[Dataset excerpts — start]

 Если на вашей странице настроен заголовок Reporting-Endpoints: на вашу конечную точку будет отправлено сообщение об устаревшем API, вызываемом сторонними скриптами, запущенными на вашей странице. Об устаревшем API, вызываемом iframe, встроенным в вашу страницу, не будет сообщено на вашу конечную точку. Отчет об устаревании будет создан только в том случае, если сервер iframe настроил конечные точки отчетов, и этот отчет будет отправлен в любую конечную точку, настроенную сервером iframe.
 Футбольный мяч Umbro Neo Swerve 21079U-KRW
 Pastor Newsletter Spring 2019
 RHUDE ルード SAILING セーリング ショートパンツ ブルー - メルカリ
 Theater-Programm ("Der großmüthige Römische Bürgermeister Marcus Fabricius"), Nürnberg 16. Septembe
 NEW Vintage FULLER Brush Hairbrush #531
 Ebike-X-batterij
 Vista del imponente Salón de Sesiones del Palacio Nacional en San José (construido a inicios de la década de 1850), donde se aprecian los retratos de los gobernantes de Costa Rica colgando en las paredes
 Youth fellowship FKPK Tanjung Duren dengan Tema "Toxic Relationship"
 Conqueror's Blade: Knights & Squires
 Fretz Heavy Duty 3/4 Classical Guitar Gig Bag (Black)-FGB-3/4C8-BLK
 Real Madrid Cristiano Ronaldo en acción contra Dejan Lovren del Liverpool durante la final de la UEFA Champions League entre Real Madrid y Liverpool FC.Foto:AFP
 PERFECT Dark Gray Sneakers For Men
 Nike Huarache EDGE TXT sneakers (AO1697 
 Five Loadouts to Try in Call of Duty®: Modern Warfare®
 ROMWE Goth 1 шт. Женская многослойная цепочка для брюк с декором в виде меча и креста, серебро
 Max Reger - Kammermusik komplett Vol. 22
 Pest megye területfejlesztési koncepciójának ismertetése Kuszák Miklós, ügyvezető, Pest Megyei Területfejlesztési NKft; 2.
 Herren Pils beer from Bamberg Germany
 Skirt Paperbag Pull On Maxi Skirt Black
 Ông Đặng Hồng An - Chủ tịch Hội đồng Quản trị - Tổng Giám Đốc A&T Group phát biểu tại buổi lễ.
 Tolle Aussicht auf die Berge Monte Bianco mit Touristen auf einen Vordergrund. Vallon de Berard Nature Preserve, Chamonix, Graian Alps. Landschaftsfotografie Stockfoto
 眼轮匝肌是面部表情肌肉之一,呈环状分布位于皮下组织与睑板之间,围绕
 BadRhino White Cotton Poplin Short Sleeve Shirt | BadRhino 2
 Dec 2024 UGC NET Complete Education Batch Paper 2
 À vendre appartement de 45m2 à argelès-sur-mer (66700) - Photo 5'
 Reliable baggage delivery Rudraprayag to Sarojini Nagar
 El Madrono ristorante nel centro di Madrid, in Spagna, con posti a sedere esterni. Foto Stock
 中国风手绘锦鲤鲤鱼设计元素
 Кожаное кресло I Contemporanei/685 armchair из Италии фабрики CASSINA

[Dataset excerpts — finish]

[Try it] Start at the line containing "Real Madrid Cristiano" and transcribe through the end of the entries. Please keep both ends and add nothing.

[Exercise answer]
 Real Madrid Cristiano Ronaldo en acción contra Dejan Lovren del Liverpool durante la final de la UEFA Champions League entre Real Madrid y Liverpool FC.Foto:AFP
 PERFECT Dark Gray Sneakers For Men
 Nike Huarache EDGE TXT sneakers (AO1697 
 Five Loadouts to Try in Call of Duty®: Modern Warfare®
 ROMWE Goth 1 шт. Женская многослойная цепочка для брюк с декором в виде меча и креста, серебро
 Max Reger - Kammermusik komplett Vol. 22
 Pest megye területfejlesztési koncepciójának ismertetése Kuszák Miklós, ügyvezető, Pest Megyei Területfejlesztési NKft; 2.
 Herren Pils beer from Bamberg Germany
 Skirt Paperbag Pull On Maxi Skirt Black
 Ông Đặng Hồng An - Chủ tịch Hội đồng Quản trị - Tổng Giám Đốc A&T Group phát biểu tại buổi lễ.
 Tolle Aussicht auf die Berge Monte Bianco mit Touristen auf einen Vordergrund. Vallon de Berard Nature Preserve, Chamonix, Graian Alps. Landschaftsfotografie Stockfoto
 眼轮匝肌是面部表情肌肉之一,呈环状分布位于皮下组织与睑板之间,围绕
 BadRhino White Cotton Poplin Short Sleeve Shirt | BadRhino 2
 Dec 2024 UGC NET Complete Education Batch Paper 2
 À vendre appartement de 45m2 à argelès-sur-mer (66700) - Photo 5'
 Reliable baggage delivery Rudraprayag to Sarojini Nagar
 El Madrono ristorante nel centro di Madrid, in Spagna, con posti a sedere esterni. Foto Stock
 中国风手绘锦鲤鲤鱼设计元素
 Кожаное кресло I Contemporanei/685 armchair из Италии фабрики CASSINA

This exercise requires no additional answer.